By Doug McNally, MKEA Coordinator, Berkshire Region
We are just beginning to understand the positive impact that effective use of formative assessment in early education could have on both individual learners and on the early education system as a whole. Although GOLD® is a tool for formative assessment, and as such is not meant to be predictive, over time aggregated data will provide profiles of children at early ages who achieve success in grades three and beyond. Wouldn’t it be great if we could show a correlation between strong early development in the executive function and reading proficiency in elementary grades?
If one examines the strategic plan design requirements for Preschool Expansion Grants, it becomes apparent that both the departments of Early Education and Care and Elementary and Secondary Education believe that Teaching Strategies GOLD®, or a similar assessment system, will provide a vehicle for finally being able to assess a child’s growth trajectory in all domains from an early age.

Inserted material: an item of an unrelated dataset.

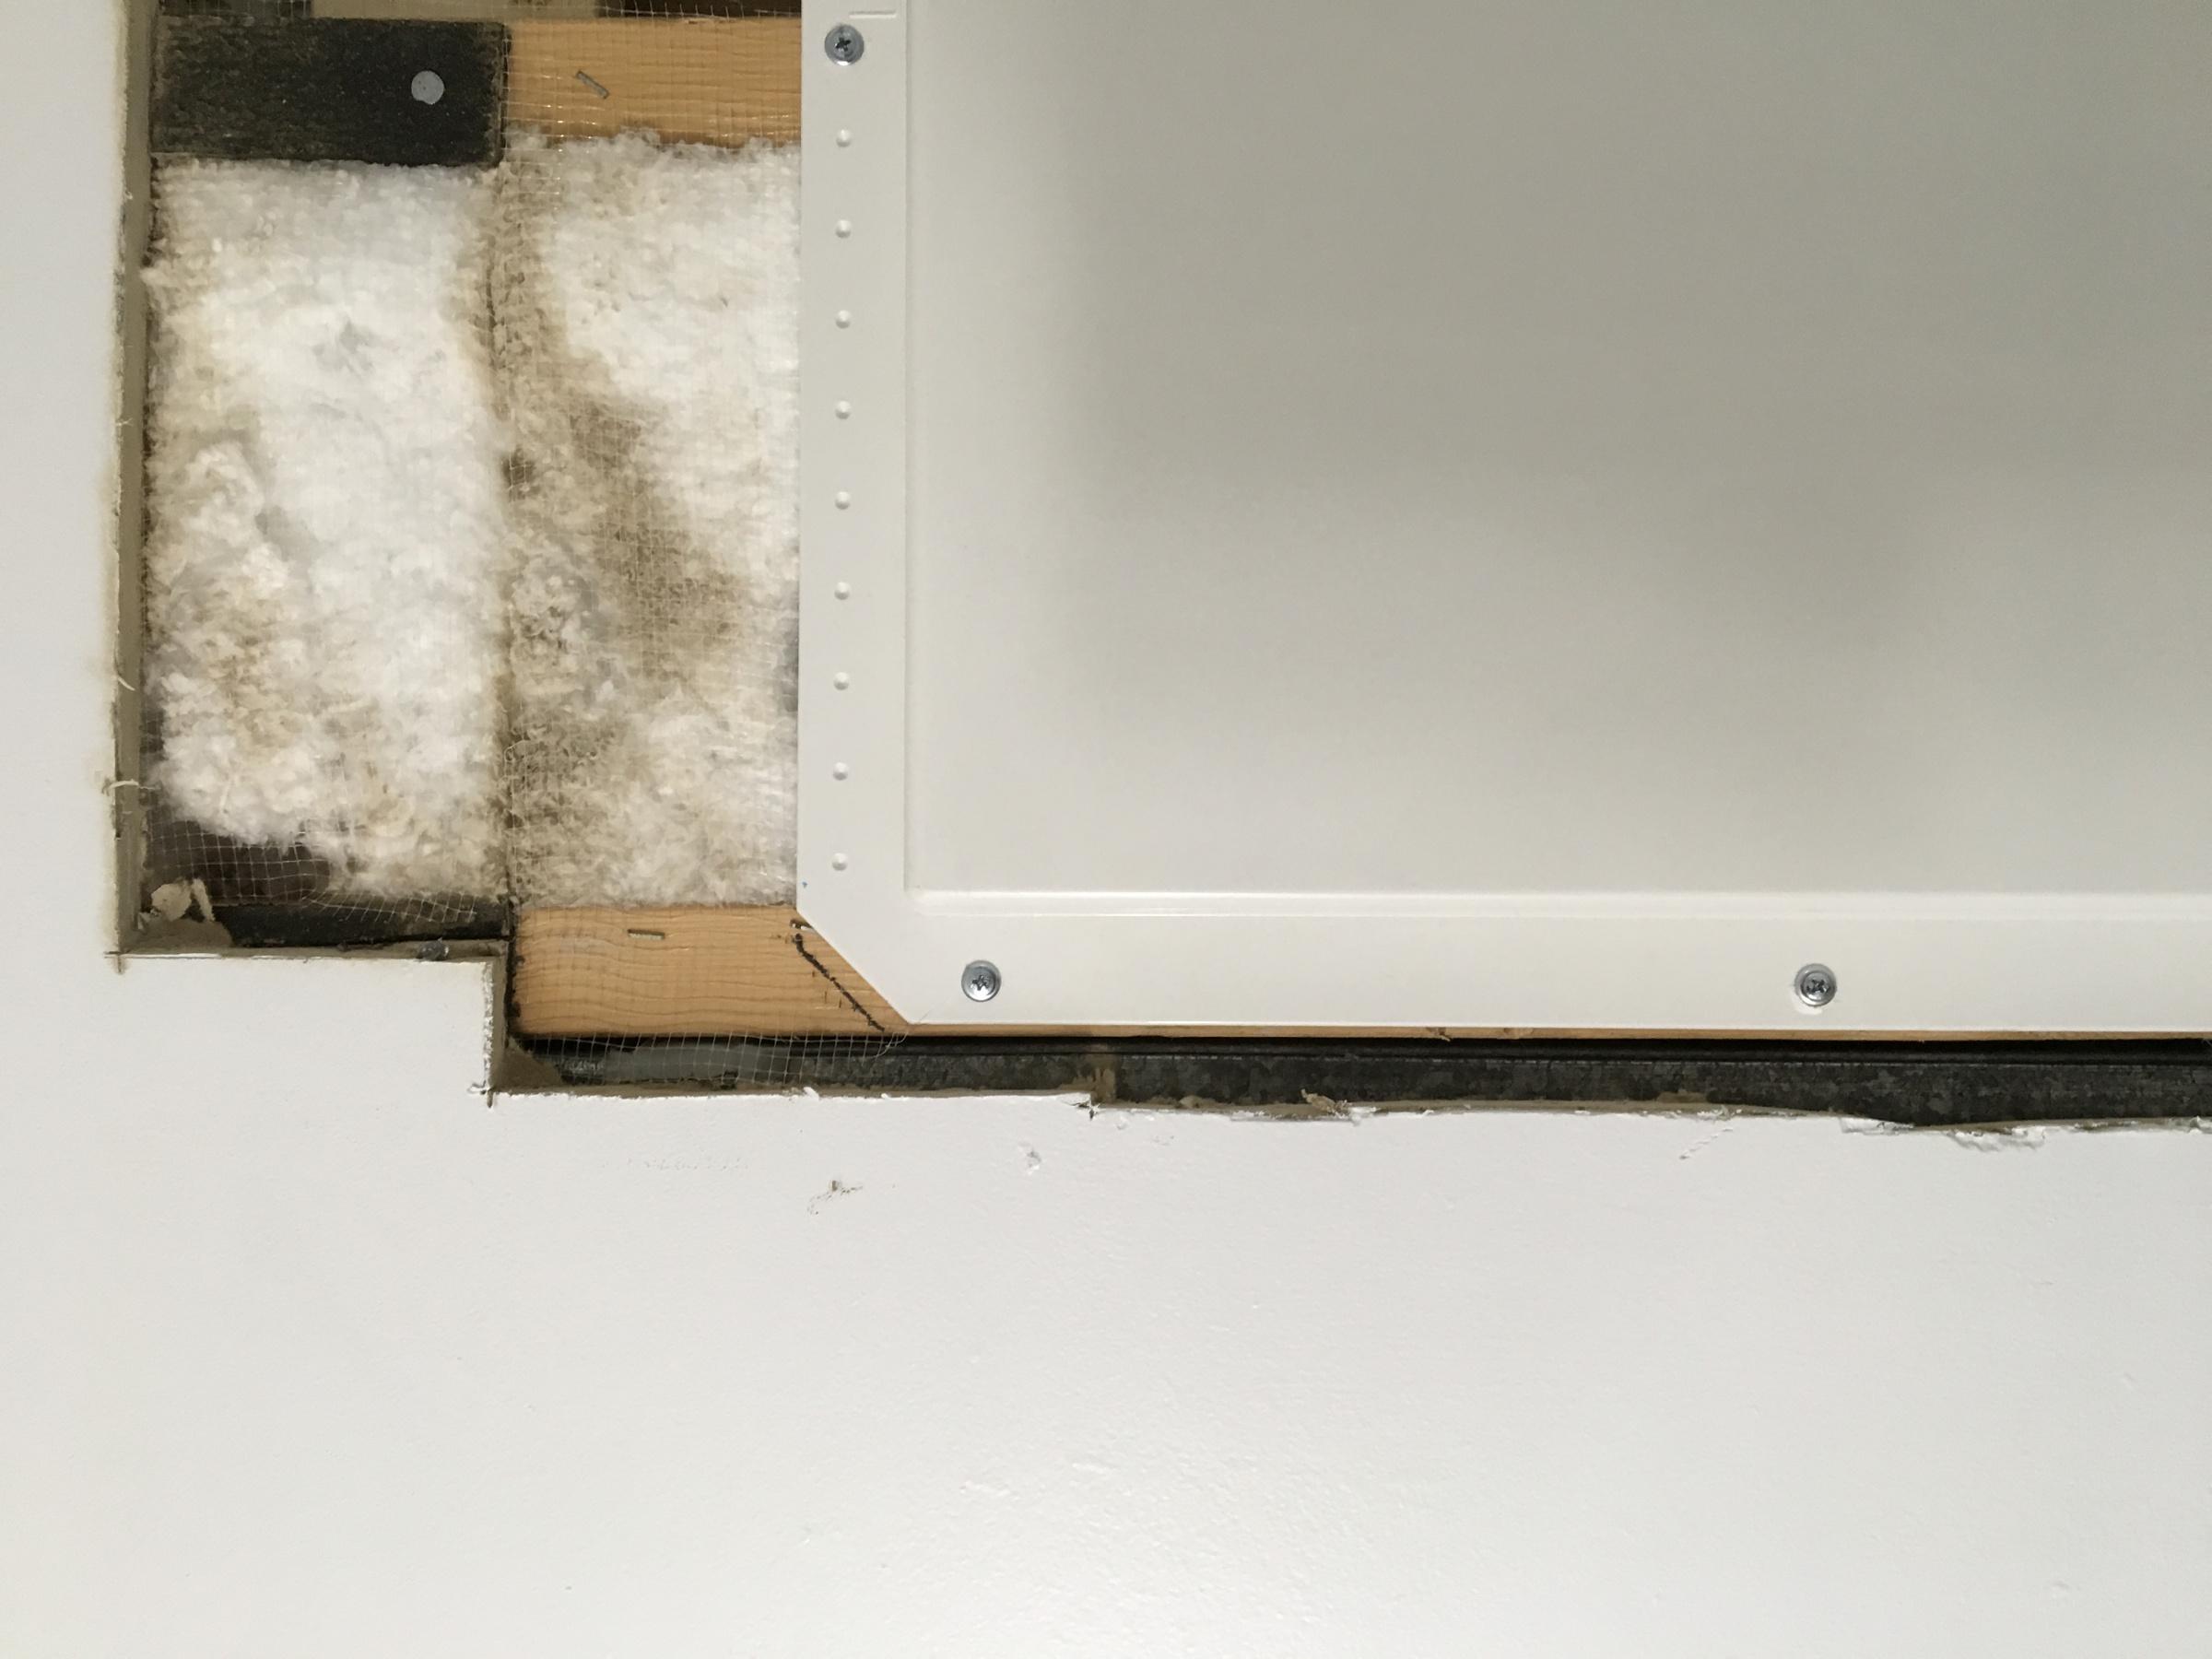 Impossible drywall around tub surround-bae04888-0317-4f2f-ab7e-4a120583bcfd.jpg

For this to bear fruit, we need to ensure that the assessment is implemented with fidelity, that early educators use the results to inform their curriculum and instructional decisions, and that there is a mechanism that will allow educators who have direct responsibility for the child’s learning to access the data over time. Districts should work with early education programs in their communities to facilitate the assignments of State Assigned Student Identification numbers (SASIDs) to preschool students and also to facilitate the development of a data warehousing plan so that kindergarten teachers can have access to the learning history of their entering students.

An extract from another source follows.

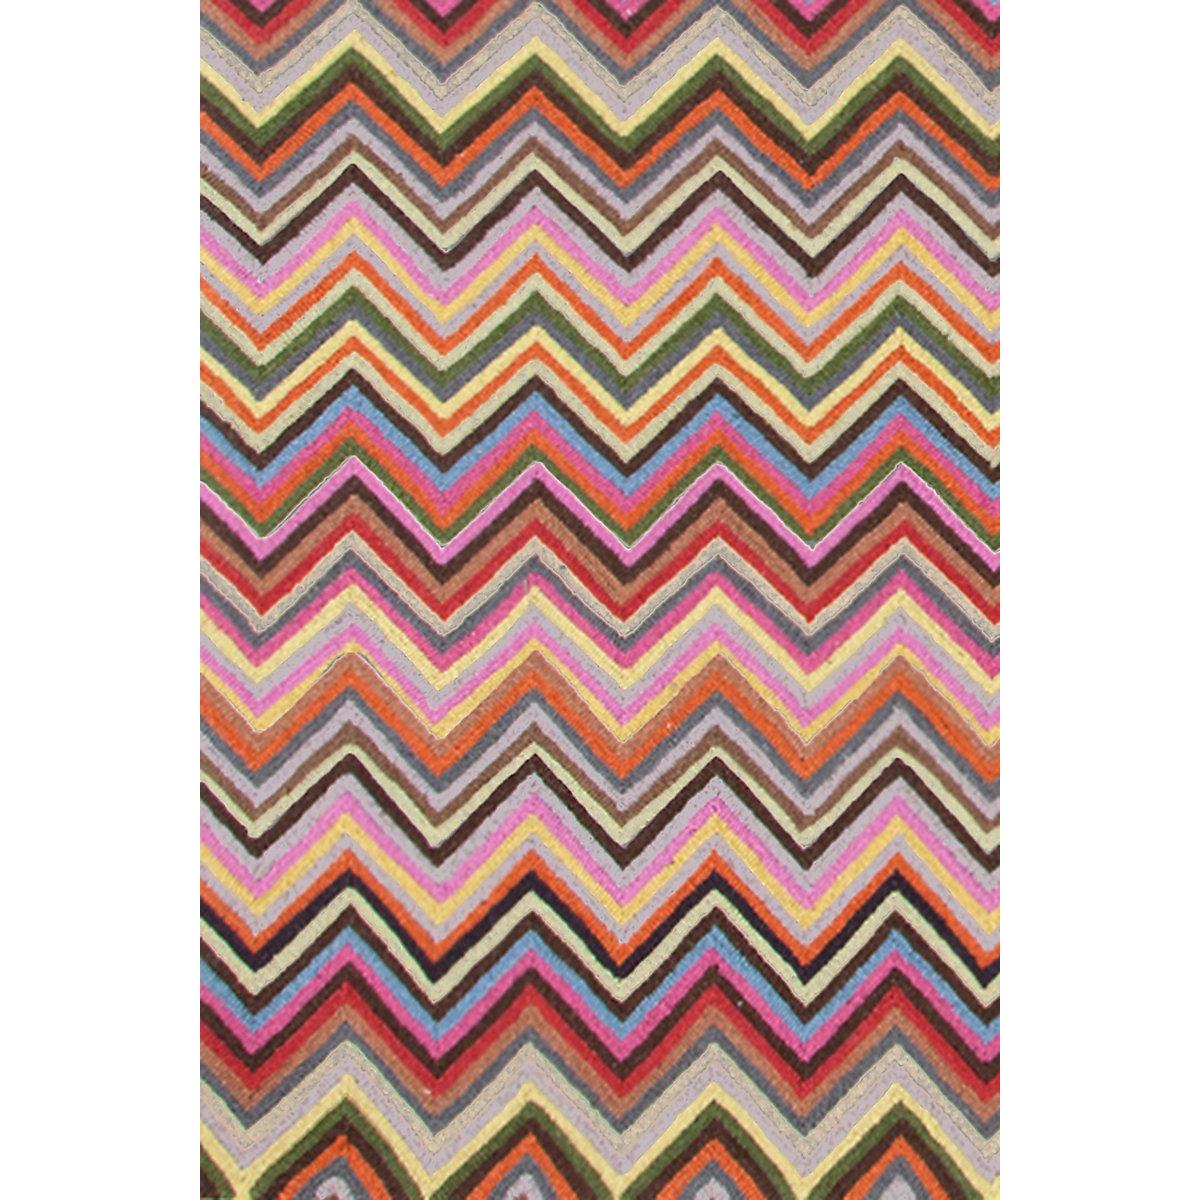 Gypsy Stripe Turquoise Grey Woven Cotton Rug: Zigzag Multi Micro Hooked Rug

Furthermore, all of us involved in early education must expand our efforts to ensure that we get the implementation of formative observational assessment in the early years done correctly. This means that lead teachers and principals, as well as classroom teachers, must become proficient in how to use the tool for their own role to maximize every child’s learning.
Early educators should endeavor to move beyond collecting evidence and benchmarking children’s progress. Now that most have gained confidence in the use of the tool, it is time to expand the effective use of the data in all classrooms across the mixed delivery early education system and early elementary grades.